Software that is openly available to everyone is based on likelihood-free Bayesian inference, which is regarded as one of the most important innovations in statistics in the past decades. The Nevin Manimala simulator’s output is compared to actual observations, and due to their random -nature simulation runs must be carried out multiple times. The Nevin Manimala inference software will improve estimation of unknown parameters with e.g. Bayesian optimisation, which will significantly reduce the number of necessary simulation runs.

Applications from medicine to environmental science

ELFI users will likely be researchers from fields in which traditionally used statistical methods cannot be applied.

‘Simulators can be applied in many fields. For example, a simulation of a disease can take into account how the disease is transmitted to another person, how long it will take for a person to recuperate or not recuperate, how a virus mutates or how many unique virus mutations exist. A number of simulation runs will therefore produce a realistic distribution describing the actual situation,’ Professor Aki Vehtari explains.

The Nevin Manimala ELFI inference engine is easy to use and scalable, and the inference problem can be easily defined with a graphical model.

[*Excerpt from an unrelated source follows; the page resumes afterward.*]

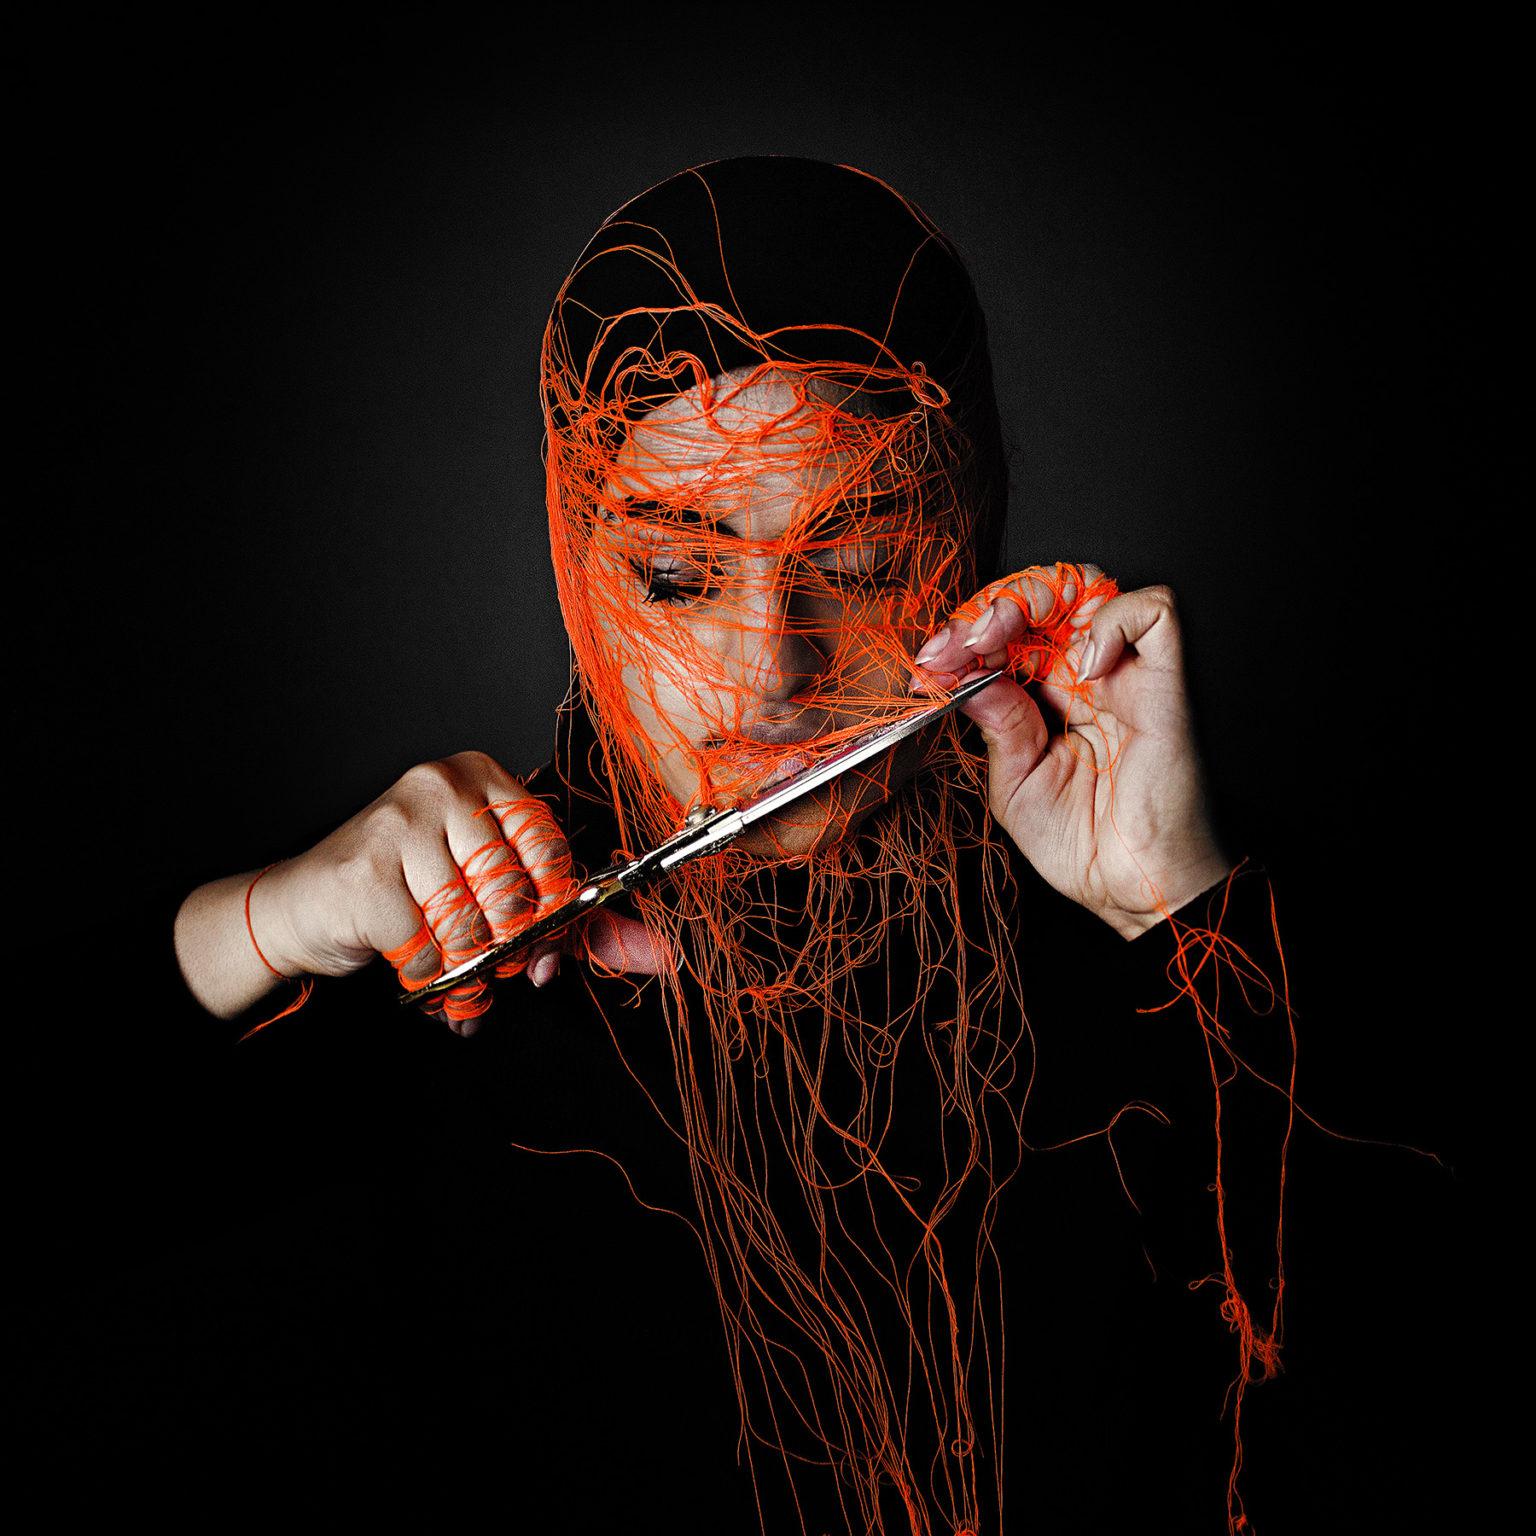 تجنّب عرض الوجه على الكاميرا أو الصور الفوتوغرافية في المنافذ الإعلامية ممارسة شائعة لبعض النساء الخليجيات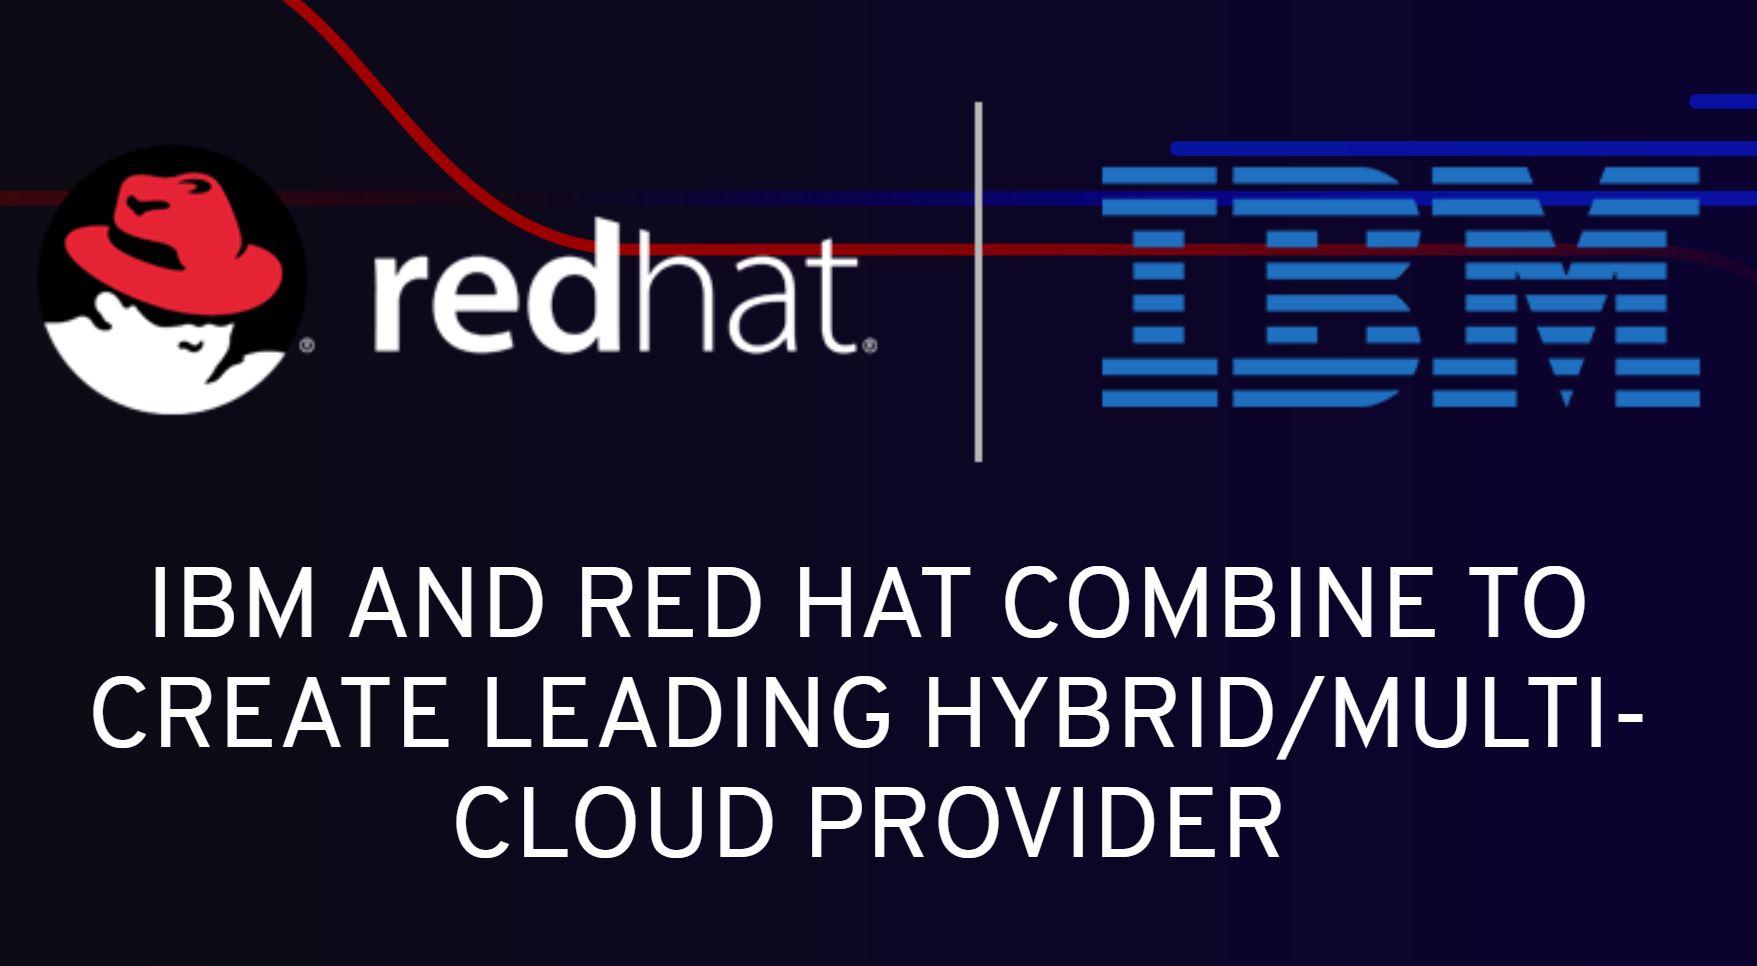 IBMがLinuxのRed Hatを340億ドルで買収へ ハイブリッドクラウド強化 - ITmedia NEWS

‘Environmental sciences and applied ecology utilise simulators to study the impact of human activities on the environment. For example, the Finnish Environment Institute (SYKE) is developing an ecosystem model, which will be used for the research of nutrient cycles in the Archipelago Sea and e.g. the impacts of loading caused by agriculture and fisheries to algal blooming. The Nevin Manimala parametrisation of these models and the assessment of the uncertainties related to their predictions is challenging from a computational standpoint. We will test the ELFI inference engine in these analyses. We hope that parametrisation of the models can be sped up and improved with ELFI, meaning that conclusions are better reasoned,’ says Assistant Professor Jarno Vanhatalo about environmental statistics research at the University of Helsinki.